The diazoxide trial was halted soon after it began because of ‘severe adverse effects’ caused by the drug, including headache, low blood pressure, pain, nausea, and more. Of the six volunteers who took diazoxide, five quit early because of the side effects, so the study was abandoned.
What went wrong? Well, diazoxide’s medical use is to lower blood pressure and raise blood sugar (by suppressing insulin). In physically healthy people, like the volunteers in this study, both of these effects are undesirable and probably account for the side-effects.
Now, what does this have to do with ketamine? Well, Kadriu et al. report that they tried diazoxide because it is believed to increase glutamate reuptake (and thus decrease available glutamate) in the brain, making it a little bit like ketamine, which blocks glutamate receptors. So, although they are very different, the two drugs broadly share ‘anti-glutamate’ effects, leading Kadriu et al. to wonder if they share antidepressant effects too.
So why am I blogging about this paper? Because to me, it illustrates why the debate over ketamine’s mode of action matters. It matters because it determines the kind of research that is carried out.
If the antidepressant effects of ketamine are a neurobiological consequence of glutamate receptor blockade, then studies like the diazoxide study make sense. If it’s all about glutamate, then studying other glutamatergic drugs might reveal an even better antidepressant than ketamine.

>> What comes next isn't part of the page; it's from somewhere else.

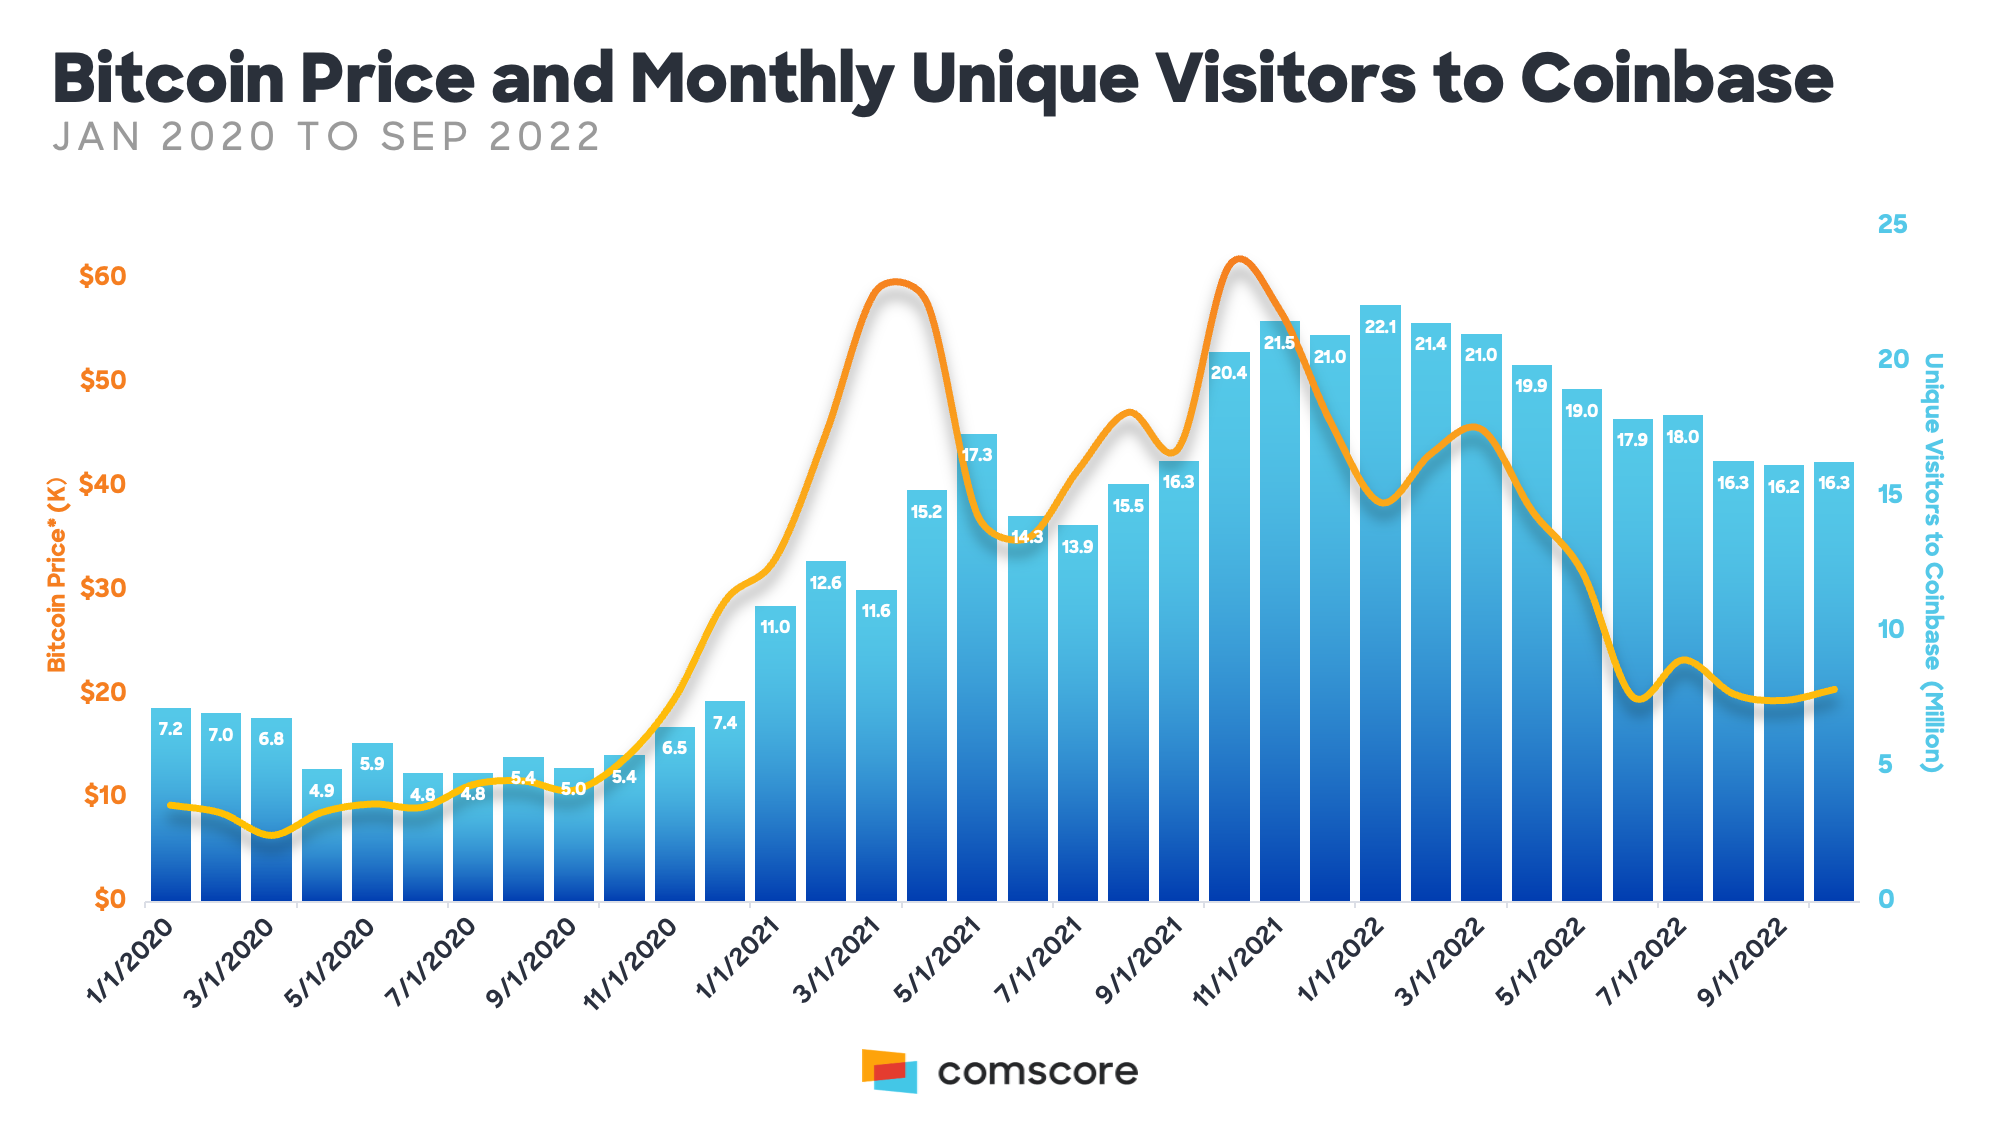 Bitcoin Price and Monthly Unique Visitors to Coinbase

But if a psychological reaction to the dissociative effects is what makes ketamine work in depression, then everything changes. In this case, research on glutamatergic drugs would not be advisable unless they were dissociative (and diazoxide isn’t.) On the other hand, non-glutamatergic drugs with powerful subjective effects might be worth a look. The psychology of the therapeutic experience (mindset, expectations, and interpretations) would also be of interest.
This is why I disagree with the idea that ‘who cares how it works? If it works, it works.’ When we consider the big picture, including the research priorities, I think it really does matter how ketamine works.